Singapore leads APAC+Japan in generative AI adoption

The Asia-Pacific region and Japan are at an inflection point in the adoption of artificial intelligence, and Singapore is emerging as one of the fastest adopters of generative AI, according to a new report by MIT Technology Review Insights.

Prepared in collaboration with Databricks, the report is based on a global survey of 600 CIOs, CTOs, CDOs and technology leaders for large public and private sector organisations, of which over 200 are from the APAC and Japan region, and features in-depth interviews with C-level executives. 

Among the organisations represented are ADP, Condé Nast, Databricks, Dell Technologies, General Motors, Razorpay, Regeneron Genetics Center, Starbucks, and the US Transportation Security Administration.

Survey results show that 53% of surveyed executives from Singapore are currently experimenting, and 37% are at the adoption stage. 

“CIOs and CDOs are doubling down on their investments to ensure they have the right data strategy and talent in place to benefit from AI,” said Ed Lenta, SVP and general manager of APAC and Japan at Databricks. 

“We know that today’s early movers will be tomorrow’s AI winners,” Lenta said. “Success, however, requires a world where everyone in an organisation can use AI irrespective of whether their language of choice is Python, SQL, or English.”

Findings also revealed that 81%  of survey respondents expect AI to boost efficiency in their industry by at least a quarter in the next two years. One-third say the gain will be at least half.

Also, CIOs are doubling down on their investments in data and AI. Faced with new competitive pressures and an unprecedented speed of innovation, technology leaders need their data and AI assets to deliver more growth to the business than ever before. 

Every organisation surveyed will boost spending on modernising data infrastructure and adopting AI during the next year, and for nearly half (46%), the budget increase will exceed 25%.

In addition, executives seek governance frameworks that can provide data accuracy and integrity as well as data privacy and security, with 60% of respondents say a single governance model for data and AI is “very important.”

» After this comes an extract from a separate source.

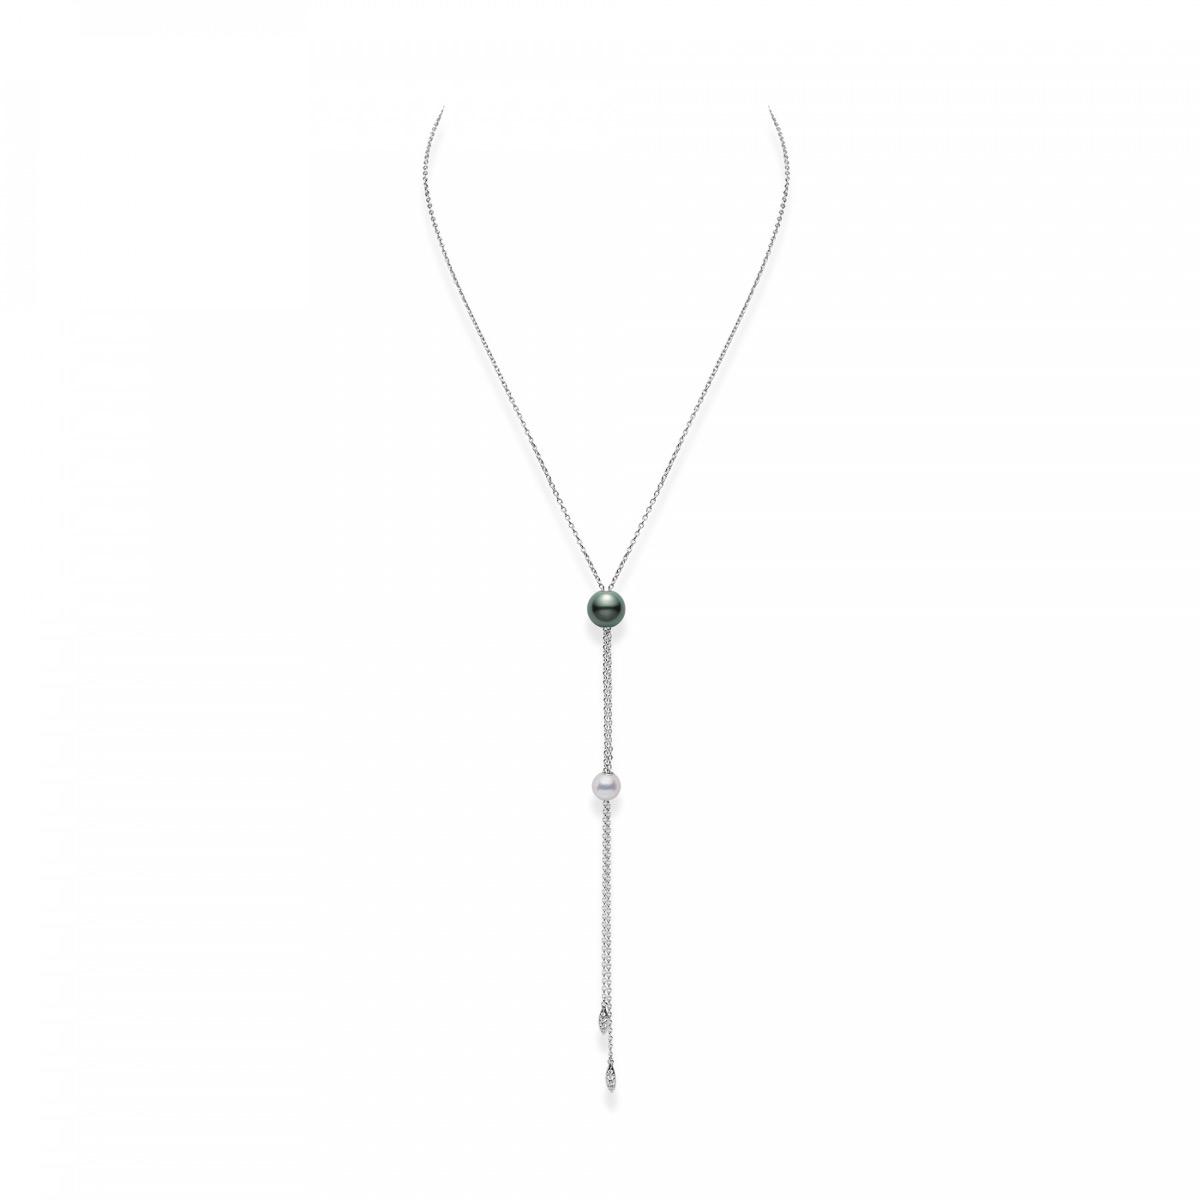 Mikimoto Pearls in Motion Akoya and Black South Sea Cultured Pearl Pendant in 18K White Gold 0

Further, 88% of surveyed organisations are using generative AI, with 26% investing in and adopting it and another 62% experimenting with it. 

The majority (58%) are taking a hybrid approach to developing these capabilities, using vendors’ large language models (LLMs) for some use cases and building their own models when IP ownership, privacy, security, and accuracy requirements are tighter. 

In Singapore, 60% of firms are opting for a buy-and-build approach, and 20% chose build-only LLMs.  

When asked how their company’s data strategy needs to improve, the largest share of respondents (39%) say investing in talent and upskilling the workforce. 

An even larger share (72%) say it will be “very important” to encourage innovation that will help attract and retain talent.

Nearly three-quarters of surveyed organisations have adopted a lake house architecture, and almost all of the rest expect to do so in the next three years. 

Survey respondents say they need their data architecture to support streaming data workloads for real-time analytics (a capability deemed “very important” by 72%), easy integration of emerging technologies (66%), and sharing of live data across platforms (64%). 

Almost all (99%) of lakehouse adopters say the architecture is helping them achieve their data and AI goals, and 74% say the benefits are “significant.”

“Strategic investments, consolidation efforts, and dedication to governance and democratisation of AI are not merely choices — they are imperatives for success,” said Laurel Ruma, global director of custom content for MIT Technology Review.